On October 7, two Kuwaiti men, Anas al-Kandari and Jassem al-Hajiri, sat in a small white-with-red stripes Nissan pickup truck that they had rented and reconnoitered the marines training from a distance. They had spent some time at a local mosque a few days before and had reconnoitered the marines the day prior as well.
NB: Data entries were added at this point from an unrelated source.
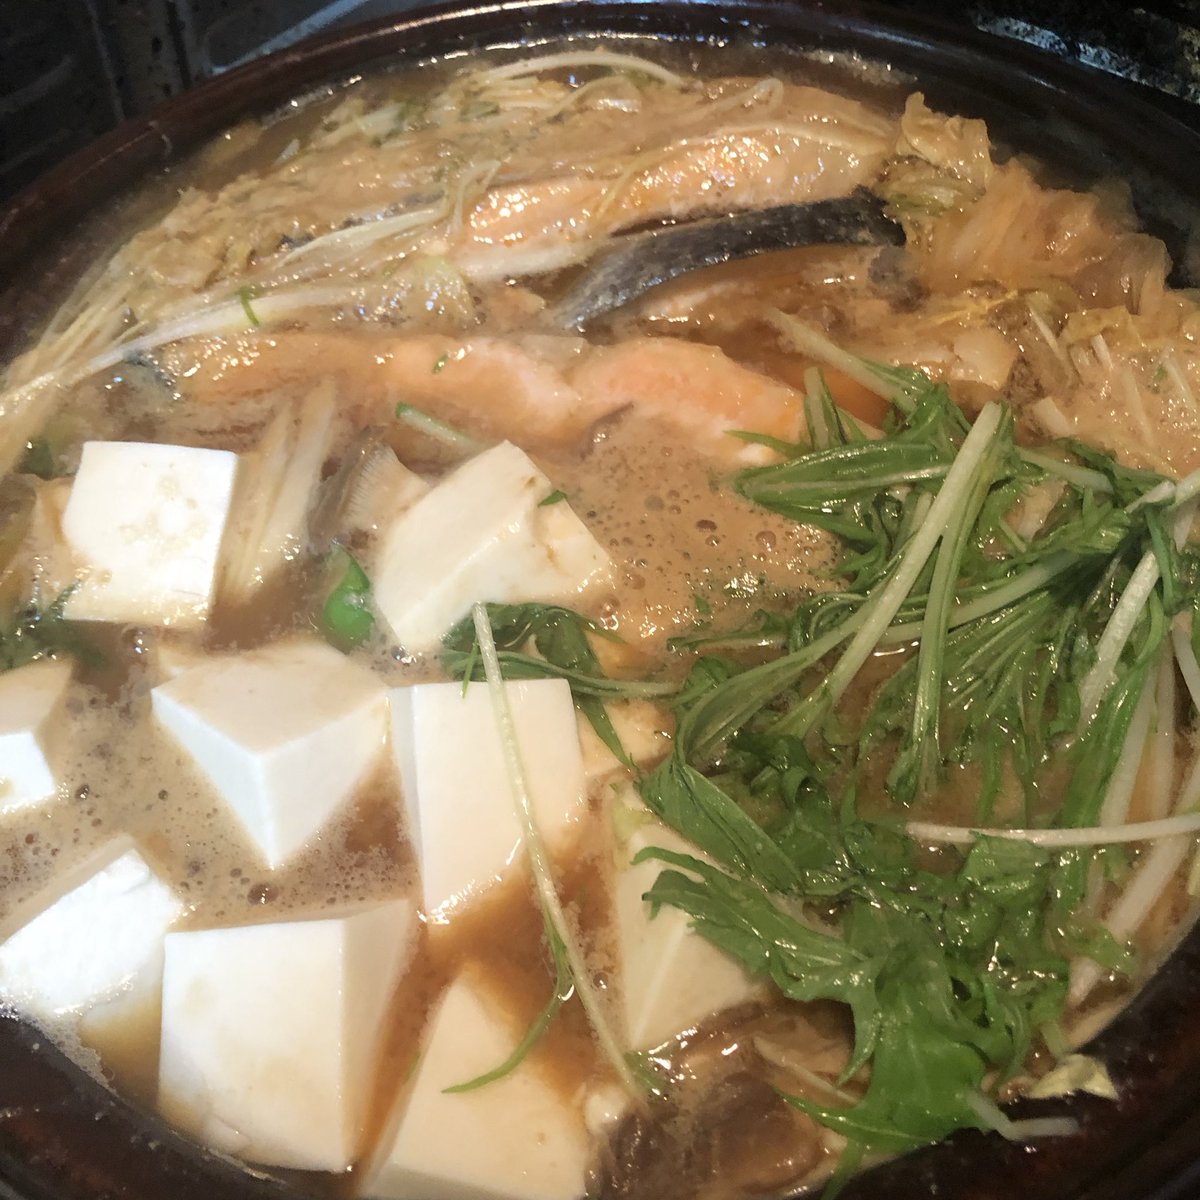 鮭味噌鍋ランチ🐟
#ぱぱぴえん 
#料理男子 
#ランチ 
#昼ごはん 
#魚料理
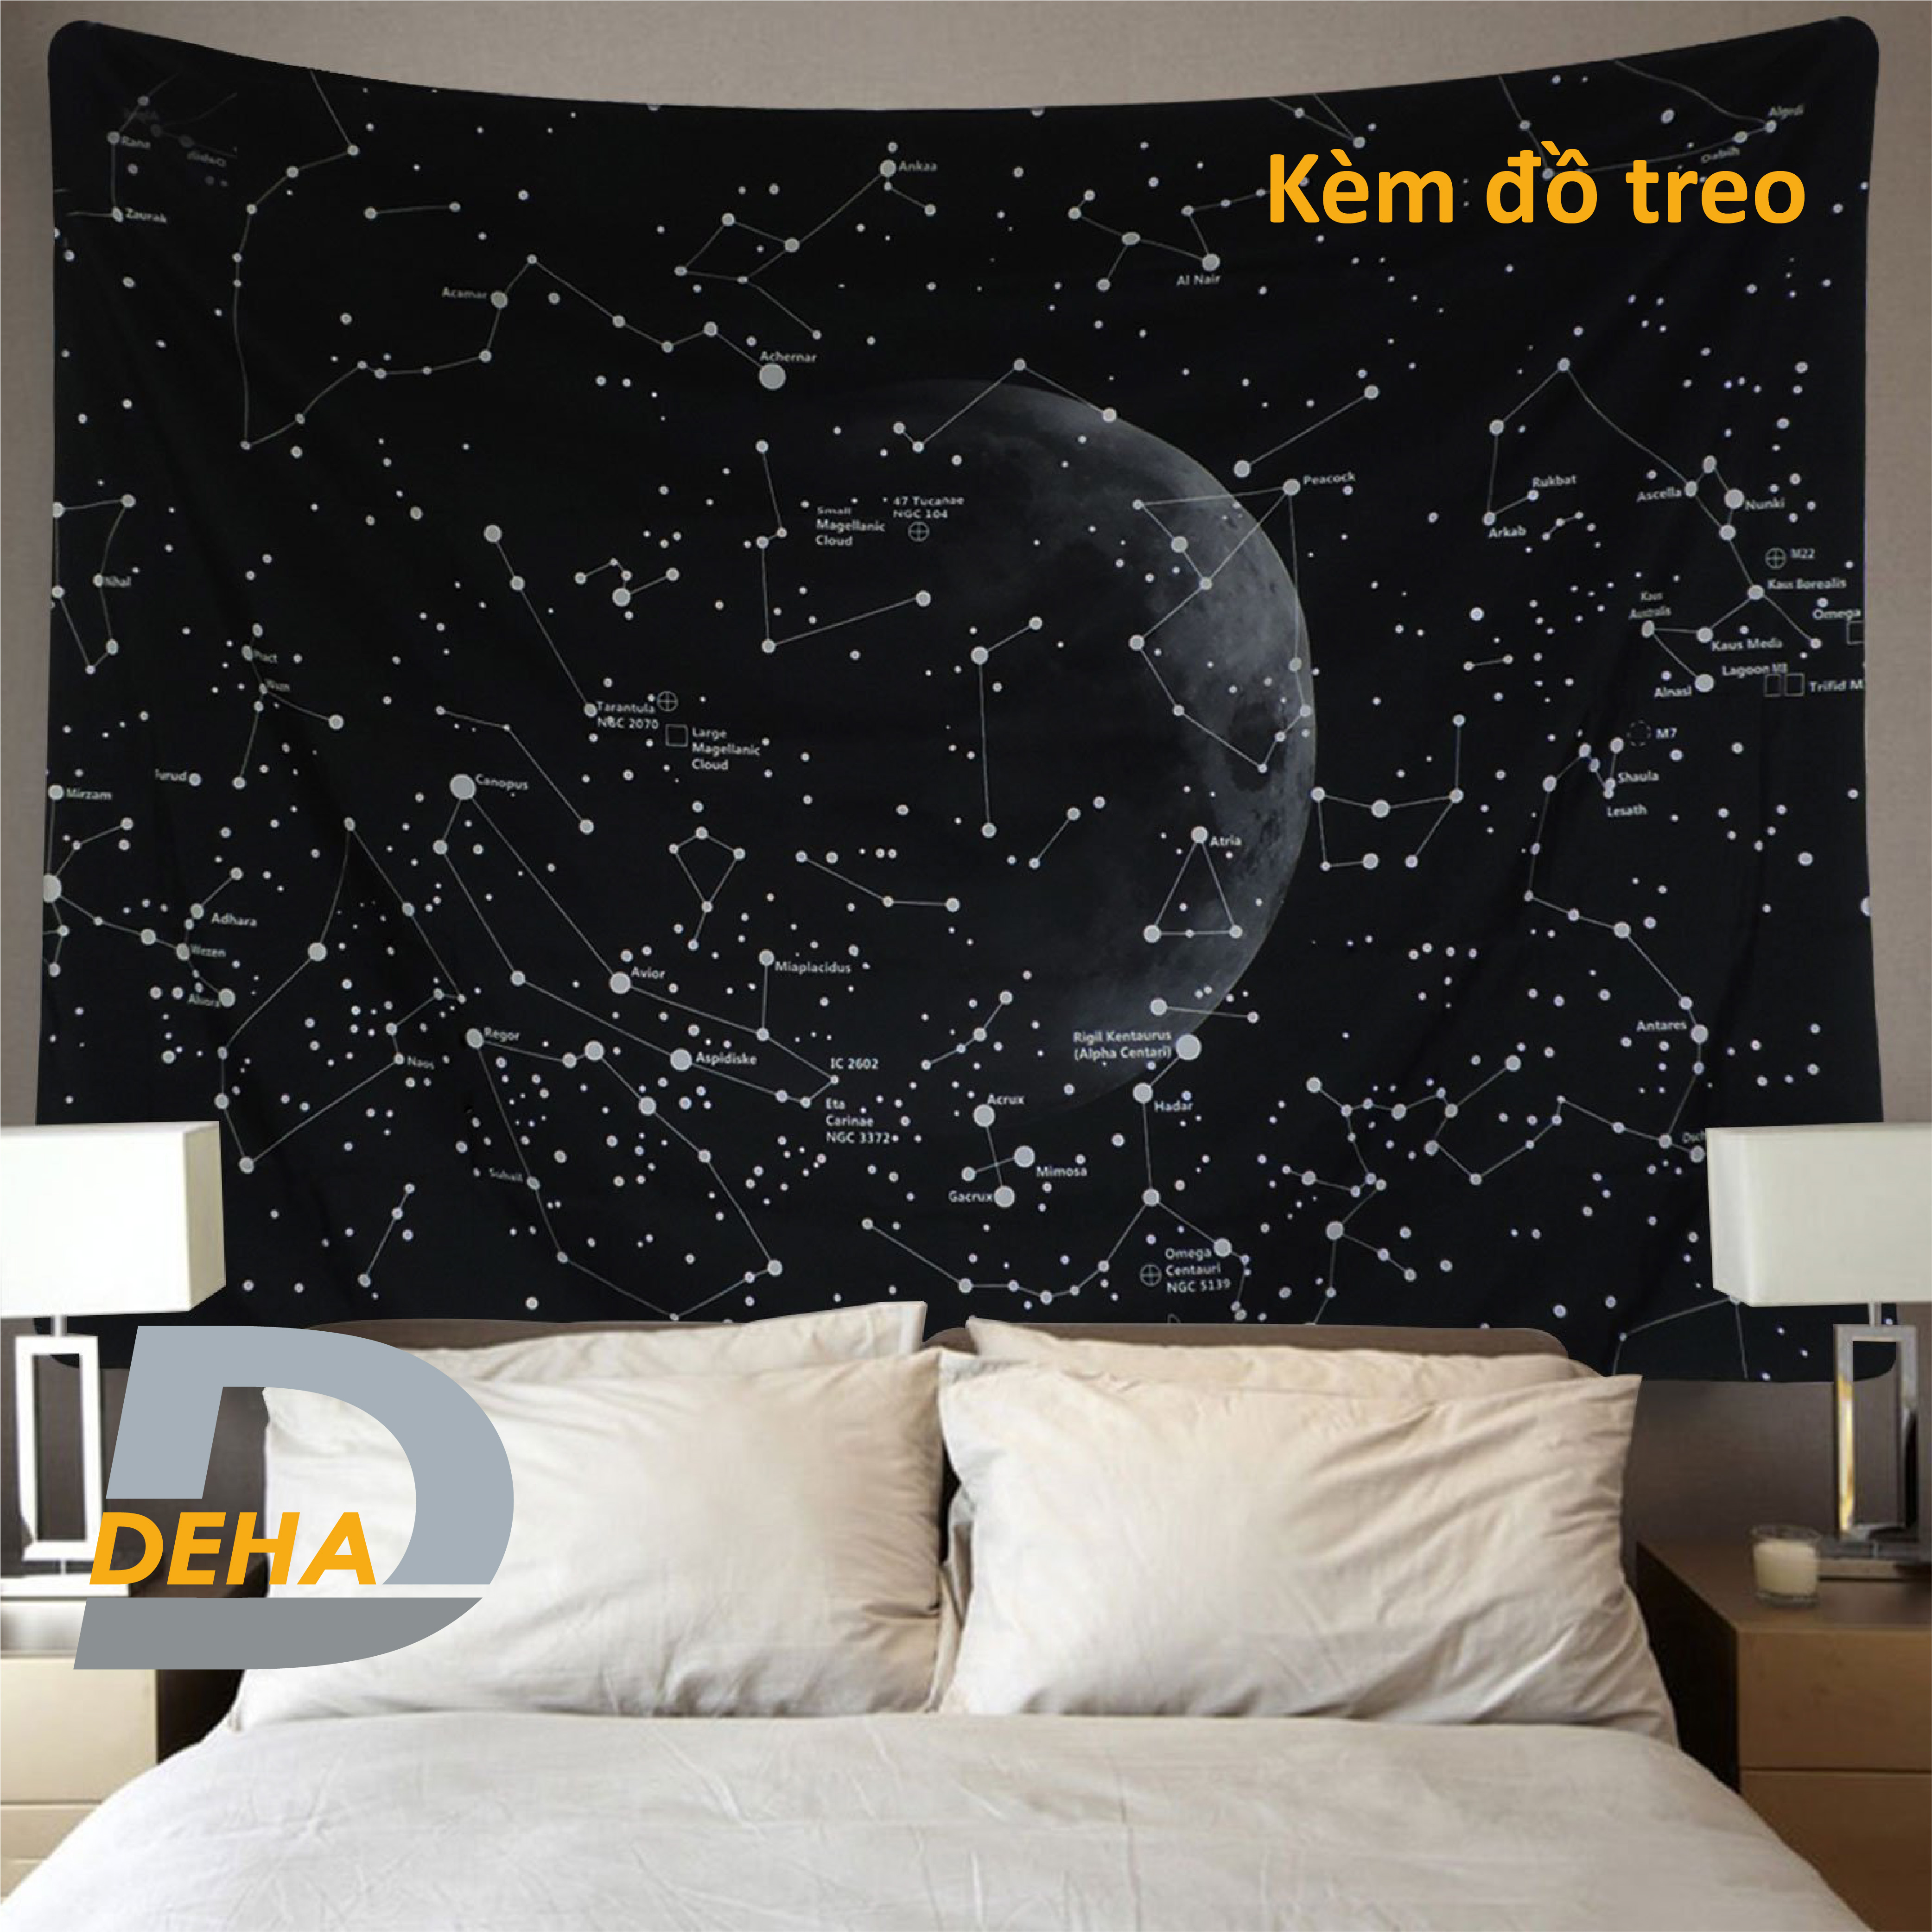 Thảm trang trí tranh vải treo tường họa tiết dải ngân hà bầu trời sao decor phòng nhà cửa, dán tường, cạnh giường

The two men were jihadis who had received terrorist training in Afghanistan. They had arrived at the island via ferry at 10:30 a.m. and had been to the island a few times before, where they played soccer and drank soft drinks. Al-Kandari had fasted and prayed before going to the island in October, writing a will in which he demanded that his possessions be given to his fellow jihadis. He recorded a "martyrdom video" at a mosque before going to the island, where he recited some verses from the Quran and gave an oration to the camera urging Muslims to be more devout in Islam and to fight infidels, and lambasted the U.S. for its alleged atrocities against Muslims. Al-Hajiri was al-Kandari's cousin and a 26-year-old man who worked for the Kuwaiti Ministry of Oil.

The following day, October 8, was a hot and sunny day on the island. At approximately, 11:00 a.m., some marines were taking a break and resting at a beach-side campsite during a lull in the training. They did not have live ammunition in their rifles for training purposes, although a few commissioned officers and senior NCOs carried Beretta M9 sidearms with live ammunition. Soon thereafter, the two gunmen began shooting at the marines with Kalashnikov rifles, specifically targeting two marines playing a makeshift game of baseball during a rest in the training. One nearby marine at first thought the gunfire was from his fellow marines, but soon realized otherwise.

The marines were caught off guard. The gunfire struck the two baseball-playing marines, as well as a tent and dozens of cases of soft drinks. The men then drove to another location and then shot again. A marine sentry, Corporal James Cottrell, returned fire with the only M16A2 rifle on the beach with live ammunition. He disabled the truck and critically wounded the driver and his passenger allowing company commander Captain Matthew S. Reid the chance to return fire with his sidearm. The two Kuwaiti gunmen were shot, with one of them exiting the vehicle on the passenger side with several gunshot wounds. Reid and the senior-most enlisted marine on the island, First Sergeant Timothy Ruff, and Company Gunnery Sergeant Wayne A. Hertz then closed with and shot the gunman several more times, killing him. Ruff and other marines, including Hertz, then extracted the wounded driver from the vehicle. That gunman also died. Before the second gunman died, the marines walked up to his body and stood over him. Surrounded by U.S. marines, the mortally-wounded gunman laid dying on the ground and muttered a few phrases in Arabic before dying.

Radio operator Lance Corporal George R. Simpson, Jr., a 21-year-old Ohioan from Dayton, was shot in the arm and Lance Corporal Antonio J. "Tony" Sledd, a 20-year-old Floridian, was shot in the chin and abdomen. An avid baseball fan from Florida's Hillsborough County, Sledd was playing an impromptu baseball game with Lance Corporal Simpson when the former was shot by one of the black-bearded gunmen at point-blank range in the back.

Naval corpsmen assessed the injured marines and came to the conclusion that they needed more care and thus a request was put in to the U.S. Army hospital at Camp Doha for a medical evacuation. Within ten minutes, a U.S. Army UH-60 medical helicopter arrived and flew the two wounded marines to the mainland for treatment at an army hospital in Kuwait City. Sledd was reportedly in good spirits when he was taken away by the helicopter, but he died during surgery the same day. Simpson survived his wounds and was awarded the Purple Heart medal later that month by a general.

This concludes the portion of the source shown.